I want to ask couple of questions about the pricing and usages of the live models (aka speech to speech model):
’’’ I am using pipecat ‘‘‘’
1 - how we are getting billled for the models for the different modalities (audio to audio) / (audio to text)? Do we get billed for text and audio tokens togther or seperated depending on the modality?
2 - The usages of the model I want to undrestand it better like this one for audio to text
total_tokens=3021 input_tokens=2971 output_tokens=50 input_token_details=TokenDetails(cached_tokens=2880, text_tokens=2937, audio_tokens=34, cached_tokens_details=CachedTokensDetails(text_tokens=2880, audio_tokens=0), image_tokens=0) output_token_details=TokenDetails(cached_tokens=0, text_tokens=50, audio_tokens=0, cached_tokens_details=None, image_tokens=0)

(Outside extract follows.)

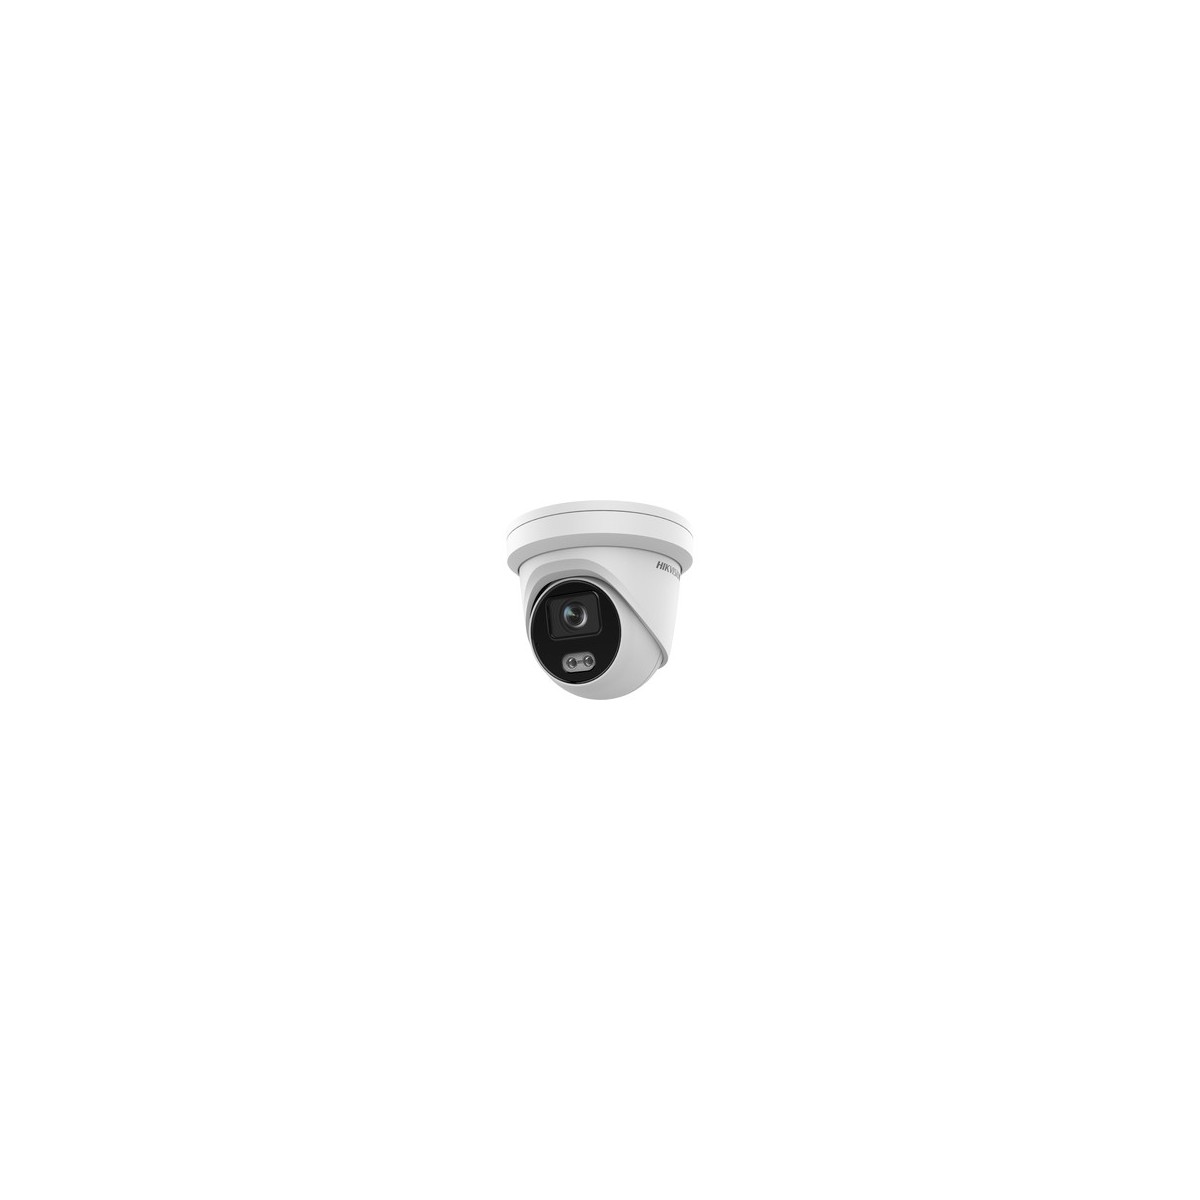 Hikvision Digital Technology DS-2CD2327G2-LU(2.8MM) - IP security camera - Outdoor - Wired - Multi - Class B FCC SDoC (47 CFR Pa

and for the audio to audio
total_tokens=3618 input_tokens=3182 output_tokens=436 input_token_details=TokenDetails(cached_tokens=2688, text_tokens=2848, audio_tokens=334, cached_tokens_details=CachedTokensDetails(text_tokens=2688, audio_tokens=0), image_tokens=0) output_token_details=TokenDetails(cached_tokens=0, text_tokens=101, audio_tokens=335, cached_tokens_details=None, image_tokens=0)
Thanks ![]()